Abstract
Vitamin D deficiency in cigarette smokers (CS) might associate with several complications, including metabolic deficits, depression and anxiety. This study evaluated the effects of vitamin D on mental health symptoms, nicotine misuse, and biomarkers of metabolic diseases in individuals with a tobacco use disorder. A randomized, double-blind, placebo-controlled trial was conducted with 60 CS subjects receiving either 50,000 IU vitamin D supplements (n = 30) or placebo (n = 30) every 2 weeks for 24-weeks. Nicotine misuse, mental health scale, and metabolic parameters were measured before and after the intervention in the CS subjects. Compared with the placebo-group, after the 24-weeks intervention, serum 25 (OH) vitamin D levels increased in the intervention group (β 2.96; 95% CI, 0.91, 5.01; P = 0.006). In addition, vitamin D supplementation significantly improved Beck Depression Inventory (BDI) (β −2.06; 95% CI, −3.84, −0.28; P = 0.02). In addition, vitamin D administration significantly decreased fasting plasma glucose (FPG) (β −4.56; 95% CI, −8.94, −0.19; P = 0.04), insulin (β −0.50; 95% CI, −0.88, −0.13; P = 0.009), and homeostasis model of assessment-estimated insulin resistance (HOMA-IR) levels (β −0.21; 95% CI, −0.33, −0.08; P = 0.001). Furthermore, vitamin D resulted in a significant elevation in total antioxidant capacity (TAC) (β 81.20; 95% CI, 18.30, 144.11; P = 0.01), and plasma glutathione (GSH) levels (β 73.05; 95% CI, 18.56, 127.54; P = 0.01), compared with the placebo-group. Administration of vitamin D for 24-weeks to CS subjects had beneficial effects on symptoms of depression and several metabolic biomarkers. While this preliminary study suggests that vitamin D might have beneficial effects, its clinical efficacy in individuals with a tobacco use disorder should be further validated in future clinical trials.
Acknowledgments
This study was the doctoral thesis on General Medicine (Soheil Bagheri). It has been registered with the IRCT20170420033551N7 registration code in the Iranian Center for Clinical Trials, and was supported by a grant from the Vice-chancellor for Research, KAUMS, Iran (98025). We are thankful of all subjects who participated in this project.
Disclosure statement
The authors declare that there are no conflicts of interest.
Authors’ contributions
Amir Ghaderi, Azam Mesdaghinia, and Hamid Reza Banafshe designed the study, provided oversight to the implementation, contributed to the interpretation and writing with input from Fatemeh Sadat Ghoreishi. Amir Ghaderi and Ahmad Reza Saghazade conducted the primary analysis with guidance from Samira Abbaszadeh-Mashkani and Azam Mesdaghinia. Soheil Bagheri, Ahmad Reza Saghazade, Samira Abbaszadeh-Mashkani, Fatemeh Sadat Ghoreishi, Hamid Reza Banafshe, Azam Mesdaghinia, and Amir Ghaderi contributed in data collection and manuscript drafting.

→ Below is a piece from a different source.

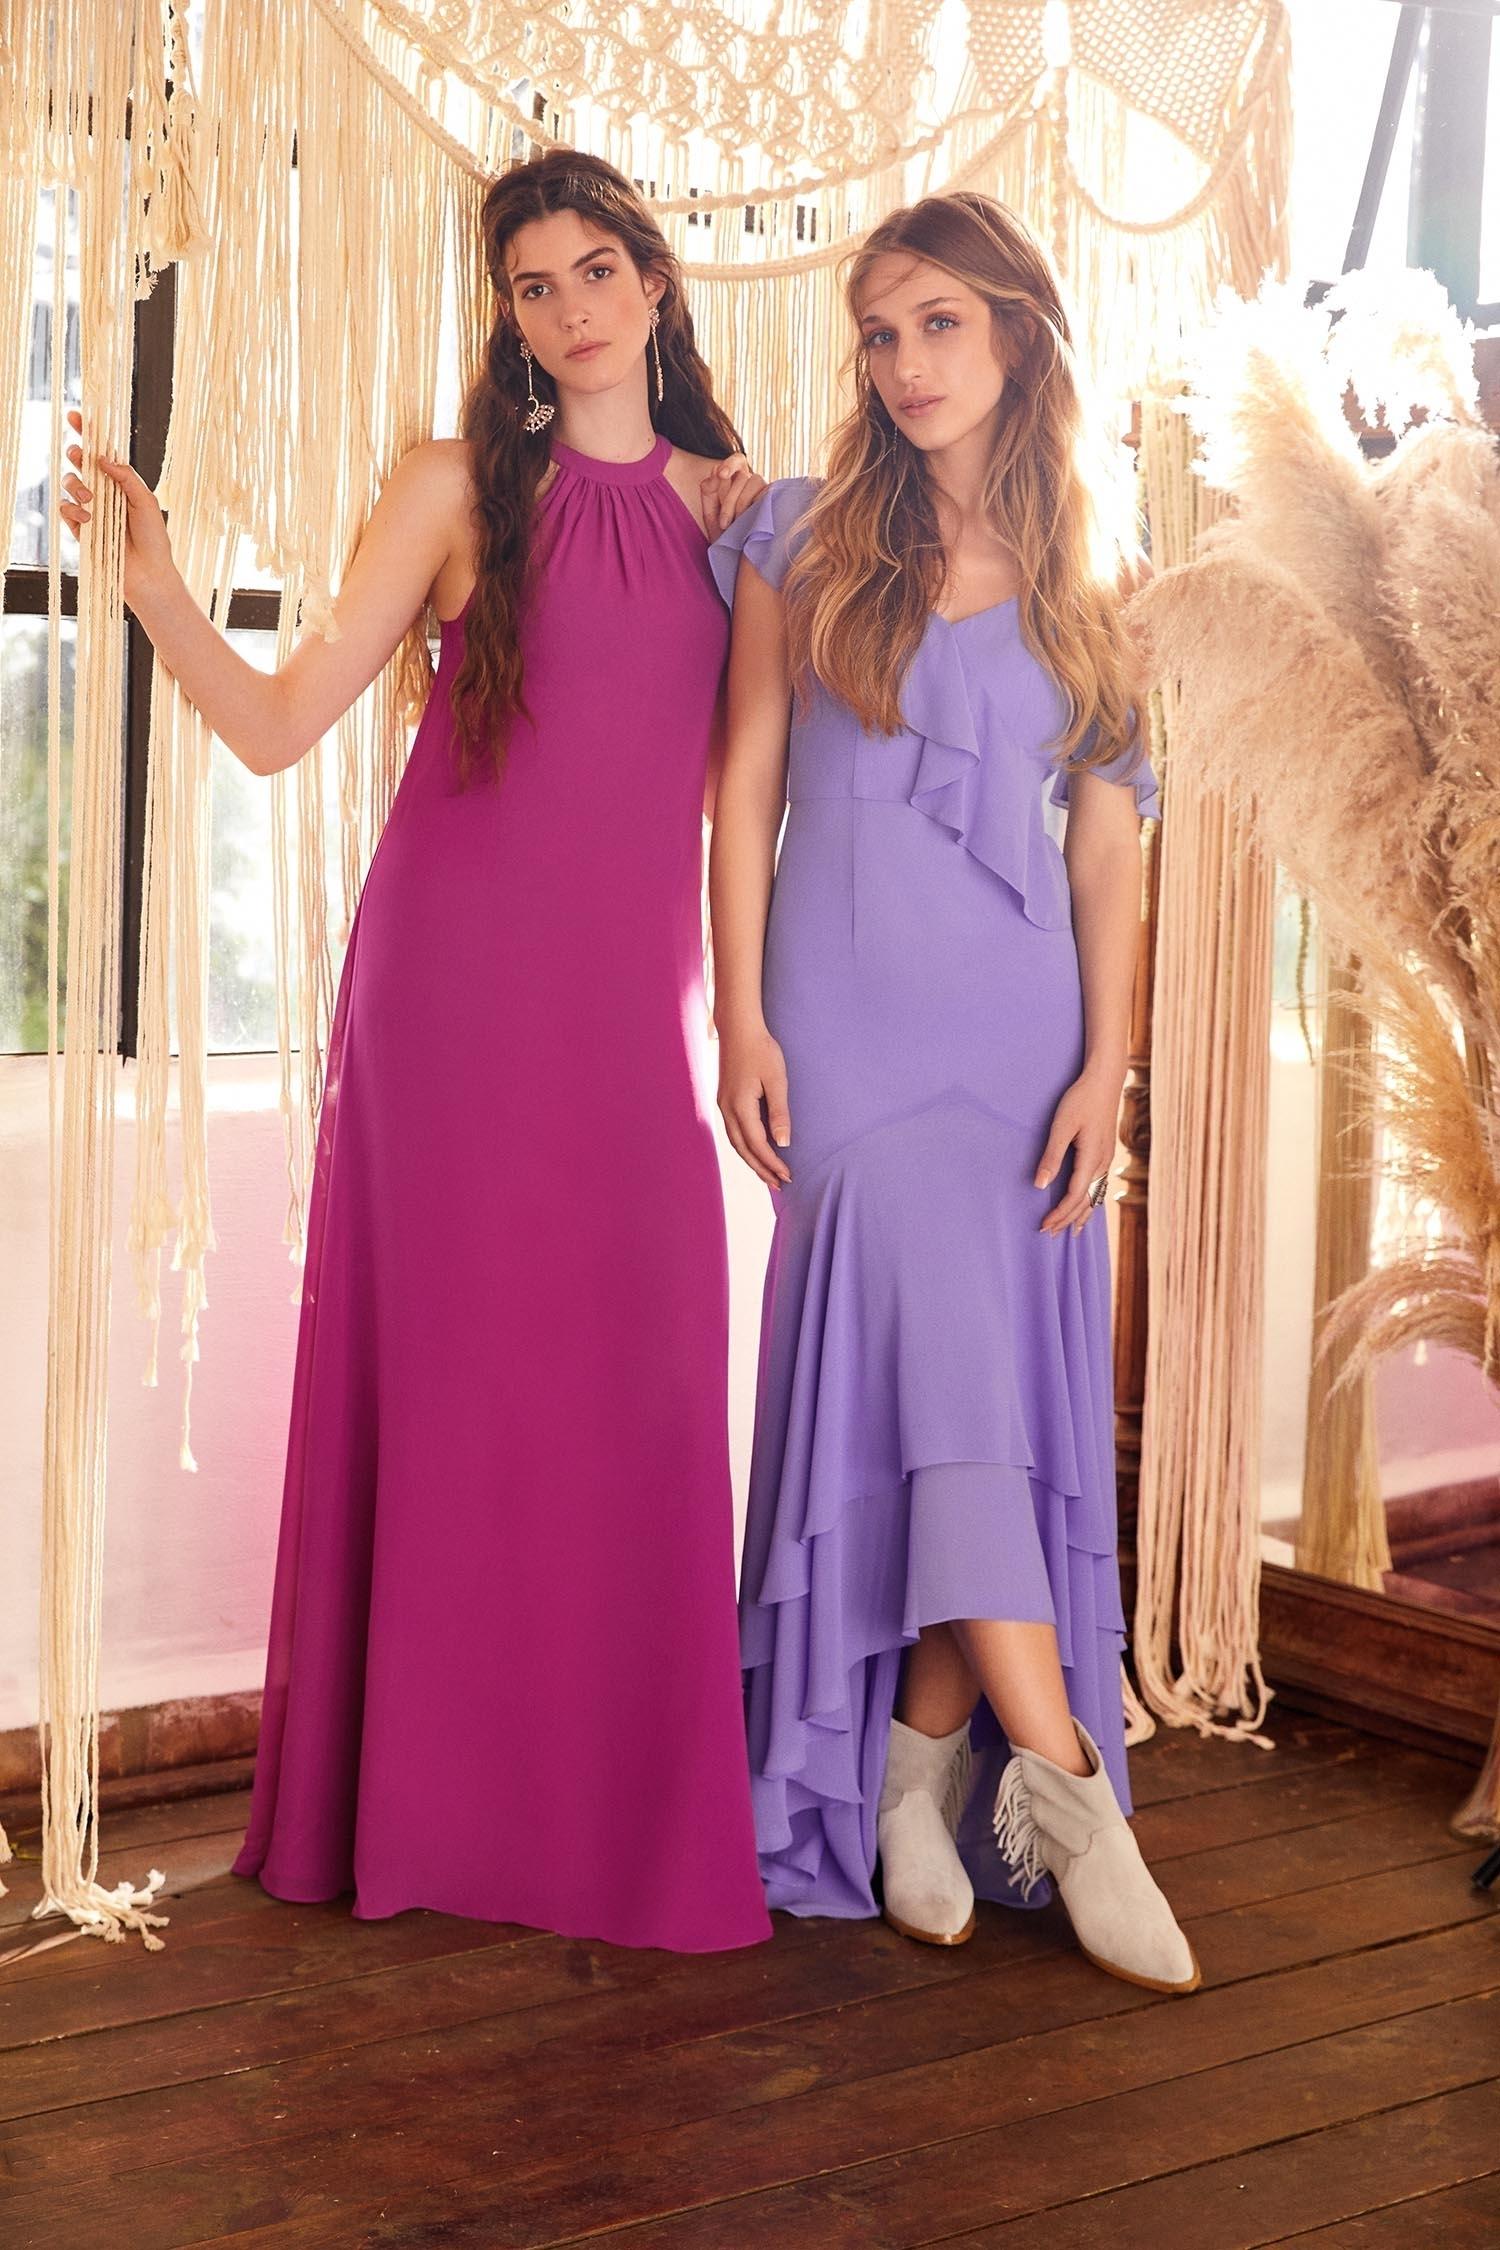 Erguvan Rengi Halter Yaka Şifon Elbise - Thumbnail

Ethics approval and consent to participate
At the beginning of the questionnaire distribution session, the purpose of the study was explained for the participants and they were assured about the anonymity and confidentiality of their responses. All participants gave their signed written informed consent letters. The study protocol was approved by the Ethics Committee of Kashan University of Medical Sciences “approval no. IR.KAUMS.MEDNT.REC.1398.026”. All procedures performed in studies involving human participants were in accordance with the ethical standards of the institutional and national research committee and with the 1964 Helsinki declaration and its later amendments.
Availability of data and materials
The datasets generated and/or analyzed during the current study are not publicly available because the intellectual property is owned by the funding body. They may be available from the corresponding author on reasonable request containing the approval from the associated funding body.